Cashing in on Business Opportunities
SRDC 2010
The Cashing in on Business Opportunities Curriculum is designed to be used by educators who work with home-based and micro-businesses. The curriculum is comprehensive, covering a wide array of topics of interest to current or potential business owners. Each chapter follows a basic format consisting of a leader's guide, (with goals and objectives, a narrative, and handouts).
Preparing For the Future: A Guide to Community Based Planning
SRDC 2009
Gene L. Theodori, Sam Houston State University
Across the nation, the desire for rural and small town community and economic development stakeholders to solve local problems and reduce socioeconomic disparities is increasingly recognized by state policymakers, local elected officials and citizens. Moreover, the need to attract and retain sufficient levels of human capital in rural areas to improve the overall quality of life is often a major priority for many communities. In the southern United States, county Extension agents (hereafter referred to as CEAs), particularly those located in nonmetropolitan counties, are increasingly being called upon to provide leadership for community and economic development efforts.

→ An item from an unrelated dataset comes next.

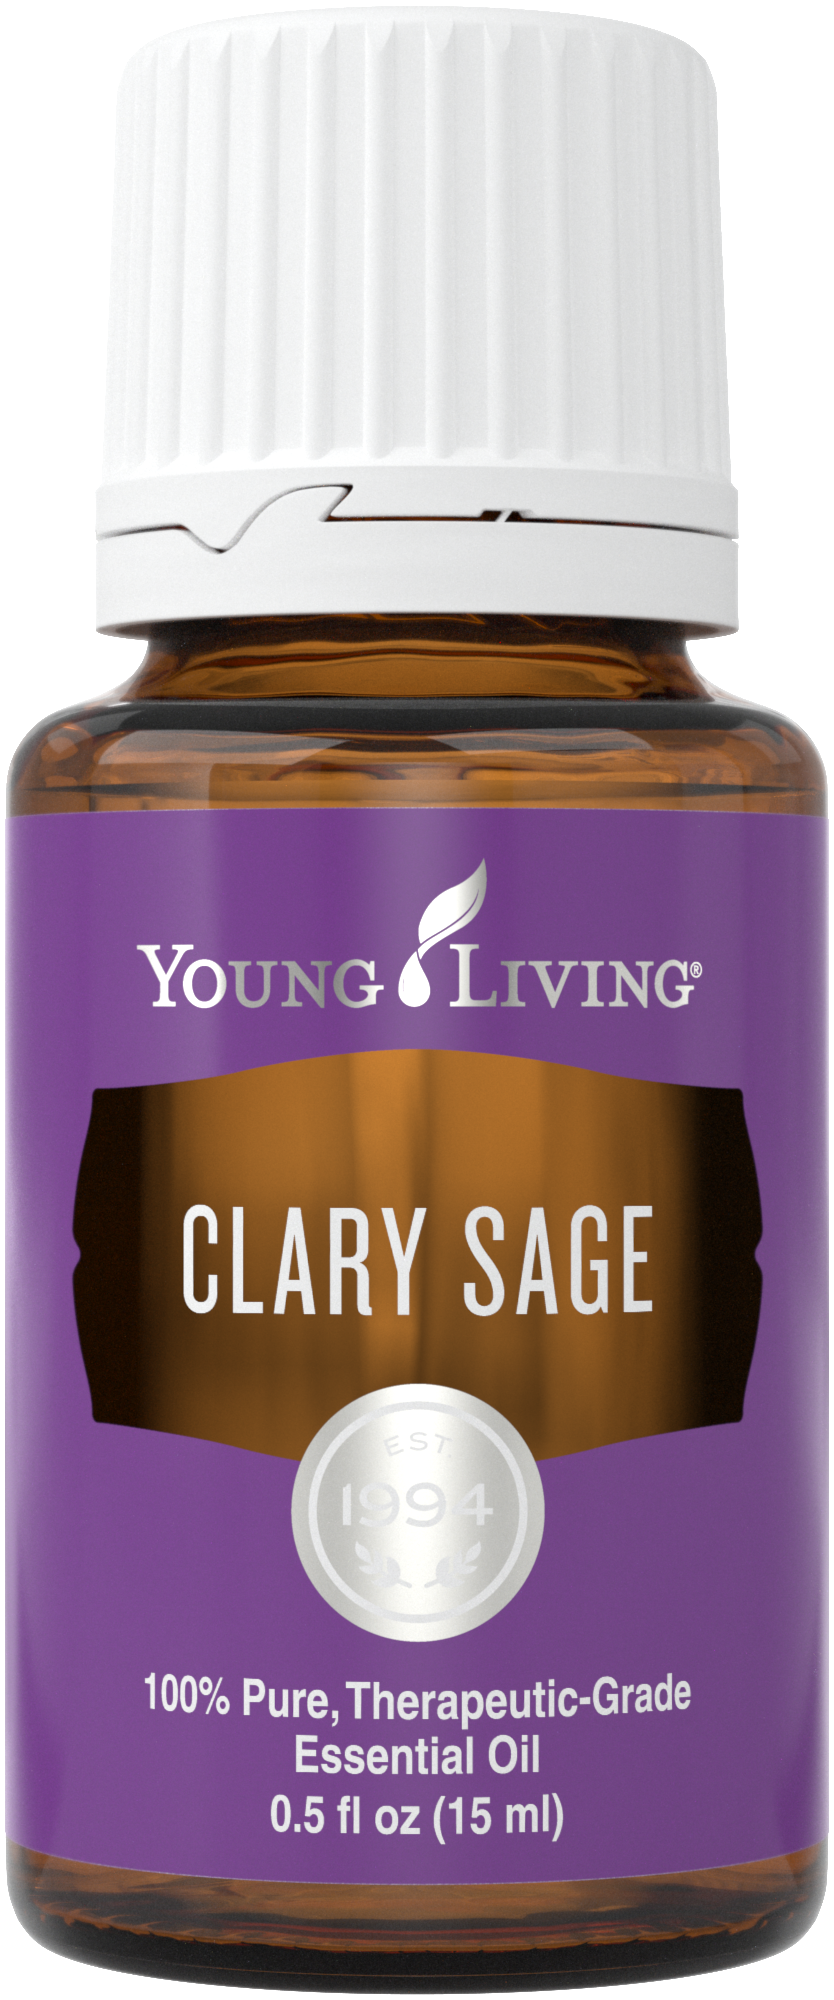 Clary Sage 15ml Silo.png

Improving Board and Organizational Effectiveness: Nonprofit Organization Board and Staff Training for Nonprofit and Faith-Based Organizations
SRDC 2002
Christopher M. Sieverdes, Clemson University
Erin P. Hardwick, South Carolina Association of Nonprofit Organizations
This nonprofit board and staff training curriculum was designed to show the best practices for operating nonprofit and voluntary organizations efficiently and effectively in a changing society.
Mapping the Assets of Your Community: A Key Component for Building Local Capacity
SRDC Series #227, June 2002
In this material, a procedure for mapping the assets of a community is described. The approach is one that has been developed by John P. Kretzmann and John L. McKnight in their book, Building Communities From the Inside Out: A Path Toward Finding and Mobilizing a Community’s Assets. It is a process that can be used in any community, and offers an effective strategy for involving a variety of people and organizations in helping bring about improvements in a communities.While this document embraces many of the key concepts advanced in the Kretzmann and McKnight volume, we seek to extend their work in two important ways. First, we offer a creative strategy for uncovering the pool of individuals who have the ingredients for taking on greater community leadership responsibilities. Second, we discuss the role that community asset mapping can play in promoting the type of community development that is concerned with engaging local people in community enhancement efforts.
Turning Lemons into Lemonade: Public Conflict Resolution
SRDC Series #221
Ronald J. Hustedde, University of Kentucky
Steve Smutko, North Carolina State University
Jarad J. Kapsa, Universtiy of Kentucky
This manual is a train-the-trainers tool. It is designed to be taught and used primarily by Extension educators, community officials, and citizen leaders. The basic goal of the manual is to give workshop participants the applicable knowledge and skills to help teach others how to identify, understand, manage, and when possible and desirable, to resolve conflicts within their own communities. The materials that follow and the training sessions themselves are resources and guides. It is not our intention for Lemonade to be taken as a map on how to educate people to deal with conflict. These are concepts and skills that training participants can adapt to meet the needs of their constituency. Just as every community faces unique conflicts, so must the precise manner in which we confront and deal with conflict be of its own design. We hope you leave this training with (at least) two things: Different ways for understanding the sources and forms of conflict; and Concrete skills for addressing it.
Community Choices: Public Policy Education Program
SRDC Series #214
Lionel J. Beaulieu, Southern Rural Development Center
Kenneth Bolton Jr., Southeastern Louisiana University
The Community Choices program is designed to engage communities in a systematic assessment of the linkages between its human resource attributes and its economic development opportunities. Purpose and Objectives:
- Produce concrete results at the local community level.
- Engage local community residents in a dialogue and assessment of the linkages between economic development opportunities and the human capital attributes of their community.
- Strengthen residents' understanding of the complex set of policy issues associated with human capital resources and economic development options.
- Provide a forum for exploring alternative strategies for dealing with these issues.
- Clarify potential impacts associated with these policy issues.